Donald Trump, comentando a morte de Fidel Castro, tratou-o como mero "ditador". Mas sejam quais tenham sido os resultados (e erros) duradouros do experimento cubano, a História já reconheceu Fidel, de facto, como um dos grandes revolucionários da era moderna – e pós-moderna. Trump – a ironia histórica obriga a reconhecer – também chamou de uma "revolução" o estremecimento tectônico, de fúria, que lhe pôs em mãos a Casa Branca – comandado pelas massas brancas, sem curso superior, de trabalhadores manuais e precários norte-americanos.

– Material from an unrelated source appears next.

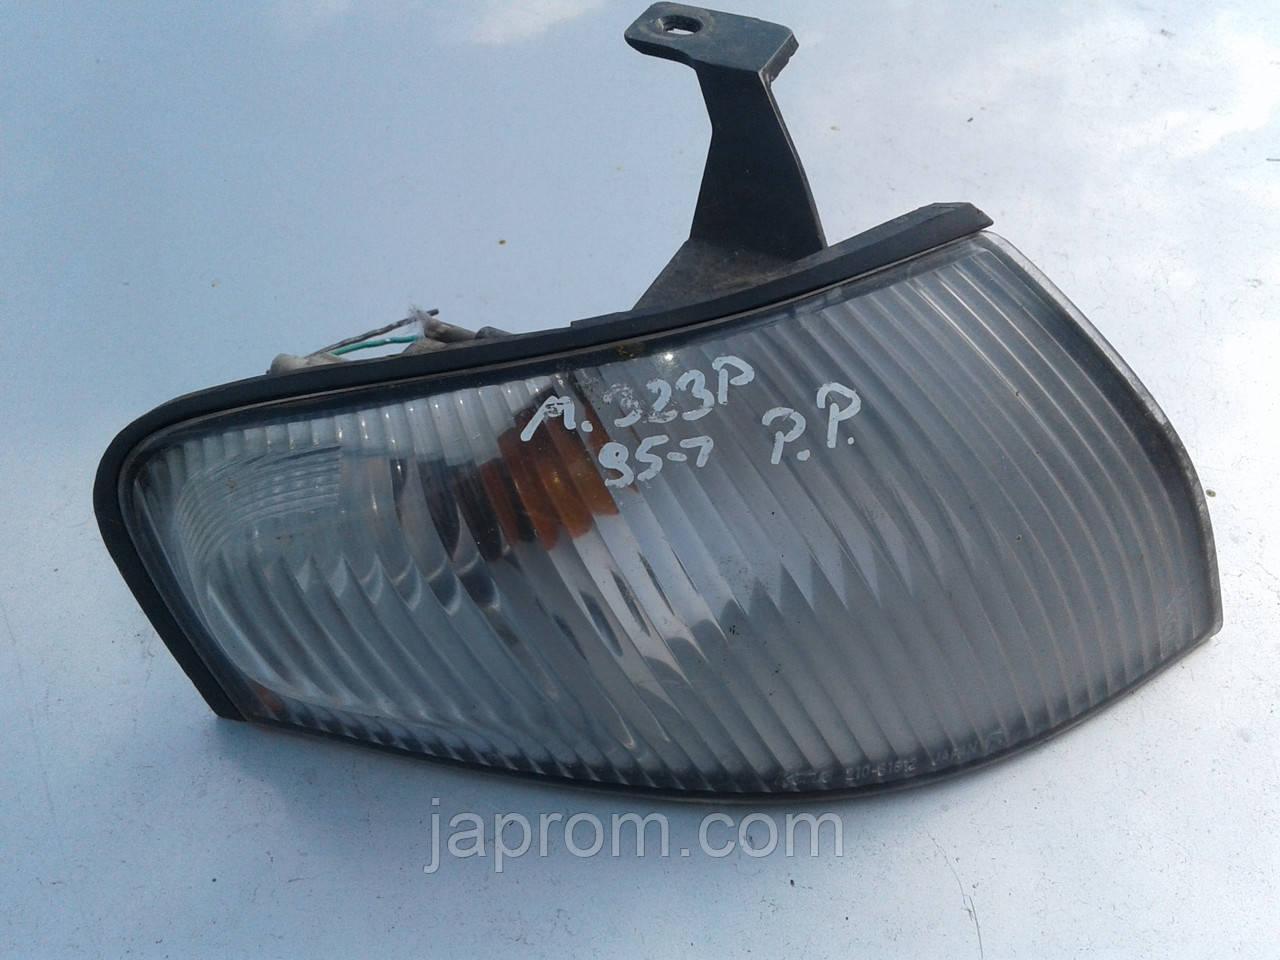 Указатель поворота(поворот) правый Mazda 323 PBA 1994-1997г.в.
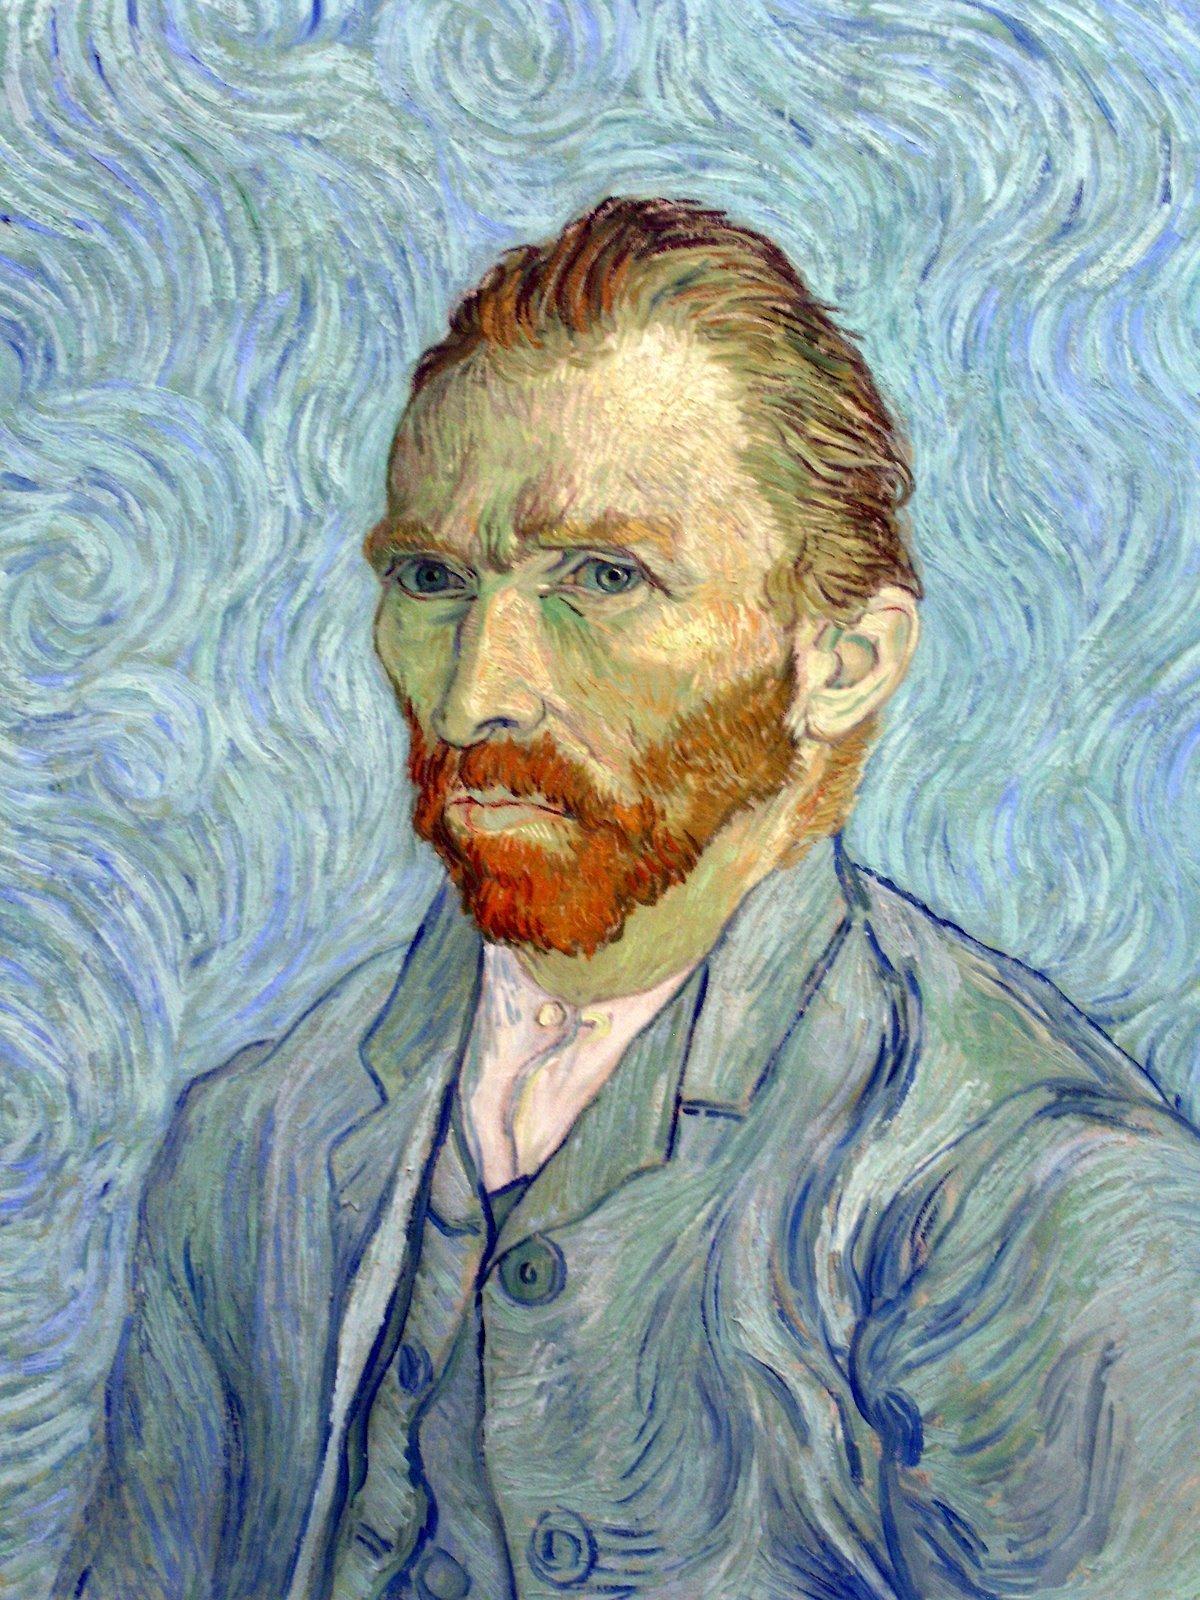 Vincent Van Gogh: Colorblind? App Sheds Light

Velhos hábitos são duros de matar. Um autoproclamado "líder do mundo livre", fiel ao roteiro tradicional, jamais poderia homenagear publicamente um "comunista" que sobreviveu a mais de 600 tentativas de assassinato construídas pela CIA cum atentados para mudança de regime –, o que é fracasso muito doloridamente pesado às costas da chamada "inteligência" dos EUA. No final, o que levou Fidel foi o relógio da vida – não alguma bala mágica.
Com a Revolução Cubana já feita História, o foco muda para a 'revolução' norte-americana em curso – que pode vir a ser praticamente a tal mudança de regime especial com que a CIA tanto sonha (para os outros!). Se Fidel foi o Príncipe e Maquiavel resumidos num só homem, na Gringolândia o roteiro pode bem ter a ver com Steve Bannon: o trabalhador branco pobre braçal ou precário encontra-se com Goldman Sachs Maquiavel, para Trump o Príncipe.
Bannon, o estrategista chefe da Casa Branca foi demonizado e amaldiçoado de cima a baixo, por todo o espectro, como neofascista, nacionalista branco, racista, sexista e antissemita. Até aqui, [a entrevista ao Wall Street Journal, só para assinantes] é a explicação mais detalhada da agenda de Bannon – em suas próprias palavras. Quem queira subestimar Bannon, que subestime. Depois, não reclame.
Bannon no passado apresentava-se como leninista. Pena que Fidel não estivesse prestando atenção.
Em seu livro muito complexo e imensamente fascinante e absorvente Après Nous, Le Deluge (ed. francesa recentemente publicada pela editora Payot, "para leitores motivados"), o filósofo máster alemão Peter Sloterdijk explora o modo como Lênin, em apenas uns poucos meses numa cabana na Finlândia, definiu as premissa teóricas do que teria de acontecer depois da revolução; como o Estado antes existente, sob análise marxista, não passava de instrumento para permitir a exploração econômica, e o erro que viciava a noção de que a oposição entre as classes seria "irreconciliável" (soa como o atual cenário montado em Washington).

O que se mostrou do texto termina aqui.